Work instruction
After finding the line with "Ride - Group" in the entries below, retype exactly each line from there through the line with "JK Moving Services: AI-based", including that final line.

Data excerpts:
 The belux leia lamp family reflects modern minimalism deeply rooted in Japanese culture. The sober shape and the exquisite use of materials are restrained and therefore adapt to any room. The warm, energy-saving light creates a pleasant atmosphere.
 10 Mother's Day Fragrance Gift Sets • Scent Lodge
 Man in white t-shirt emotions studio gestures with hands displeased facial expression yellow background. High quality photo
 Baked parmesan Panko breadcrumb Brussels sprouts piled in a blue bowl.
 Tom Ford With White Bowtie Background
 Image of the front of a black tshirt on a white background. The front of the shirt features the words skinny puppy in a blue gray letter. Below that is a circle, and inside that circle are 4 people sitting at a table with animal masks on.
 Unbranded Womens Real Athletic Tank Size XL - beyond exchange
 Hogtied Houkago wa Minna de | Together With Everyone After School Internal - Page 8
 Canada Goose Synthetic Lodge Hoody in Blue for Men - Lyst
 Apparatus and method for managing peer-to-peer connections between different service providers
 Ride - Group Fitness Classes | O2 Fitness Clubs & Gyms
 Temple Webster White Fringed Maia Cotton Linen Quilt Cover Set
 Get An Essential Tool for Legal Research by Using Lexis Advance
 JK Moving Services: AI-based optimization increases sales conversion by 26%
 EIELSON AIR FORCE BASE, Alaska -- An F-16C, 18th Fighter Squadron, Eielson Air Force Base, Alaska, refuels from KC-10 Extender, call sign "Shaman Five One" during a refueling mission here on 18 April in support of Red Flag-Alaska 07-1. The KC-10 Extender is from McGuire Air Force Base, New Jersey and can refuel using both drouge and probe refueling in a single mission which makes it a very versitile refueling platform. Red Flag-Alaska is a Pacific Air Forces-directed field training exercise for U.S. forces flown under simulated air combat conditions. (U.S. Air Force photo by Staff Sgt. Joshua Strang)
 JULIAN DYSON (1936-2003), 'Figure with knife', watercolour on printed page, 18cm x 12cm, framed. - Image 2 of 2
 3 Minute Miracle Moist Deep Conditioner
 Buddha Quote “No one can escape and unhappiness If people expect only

Response box
 Ride - Group Fitness Classes | O2 Fitness Clubs & Gyms
 Temple Webster White Fringed Maia Cotton Linen Quilt Cover Set
 Get An Essential Tool for Legal Research by Using Lexis Advance
 JK Moving Services: AI-based optimization increases sales conversion by 26%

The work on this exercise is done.